Iran’s anger is understandable partly because of the attack and partly because of Pakistan’s getting too close to the country’s ideological adversaries Saudi Arabia and the United Arab Emirates (UAE). Keeping a balance in relations with Iran and Saudi Arabia has always been a tricky subject for Pakistan’s policymakers (for instance, Nawaz Sharif’s refusal to engage his country in Saudi Arabia’s war in Yemen cost him his friendship with the Arab royals).
Khan, who was a staunch proponent of balanced relations between Iran and Saudi Arabia, tilted too much toward the latter by accepting $6 billion Saudi deposits and deferred oil facility to salvage the country’s dwindling economy. But here, too, the policy initiative was believed to be taken by the military leadership.
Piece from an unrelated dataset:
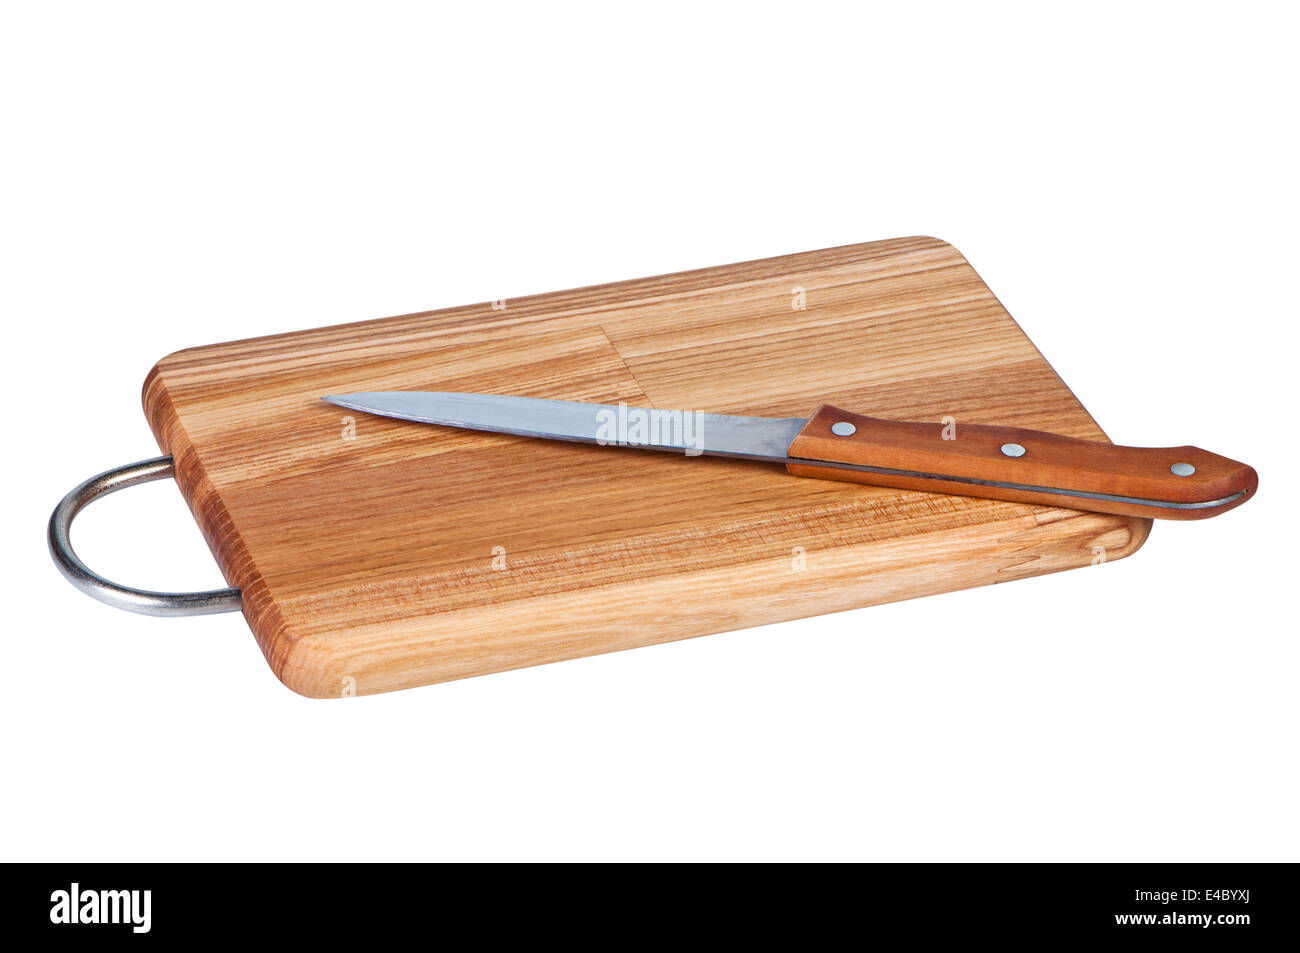 Wooden board with kitchen knife. Stock Photo
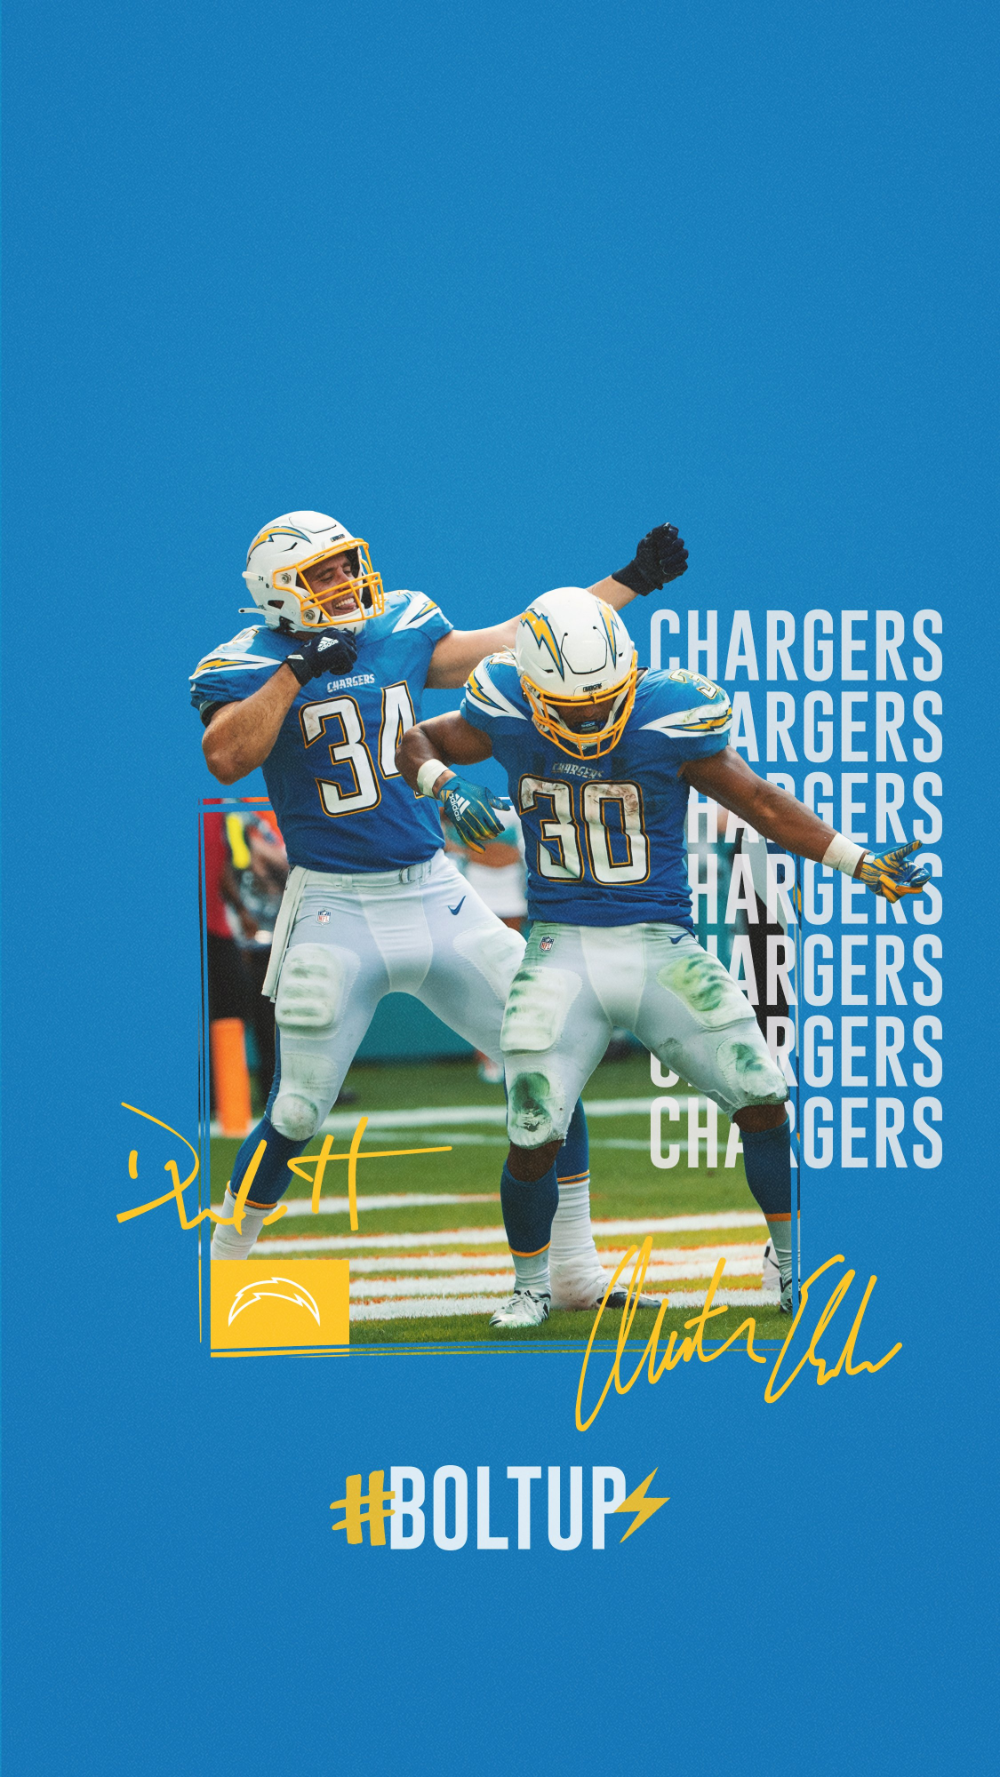 Chargers Wallpaper. Los Angeles Chargers.com. Los angeles chargers, Nfl football art, Sports graphic design

Well before Khan’s taking charge of the prime ministerial office, Army Chief General Qamar Javed Bajwa had already paid half a dozen visits to Saudi Arabia and the UAE for reviving defense and strategic ties.
Imran Khan has yet to create the imprint of his “independent” mind on Pakistan’s foreign policy. Shifting control of the country’s foreign policy from Rawalpindi to Islamabad will add another feather to Khan’s cap after his landmark victory of the 1992 cricket world championship for Pakistan.
Daud Khattak is Senior Editor for Radio Free Europe Radio Liberty’s Pashto language Mashaal Radio. Before joining RFE/RL, Khattak worked for The News International and London’s Sunday Times in Peshawar, Pakistan. He has also worked for Pajhwok Afghan News in Kabul. The views expressed here are the author’s own and do not represent those of RFE/RL.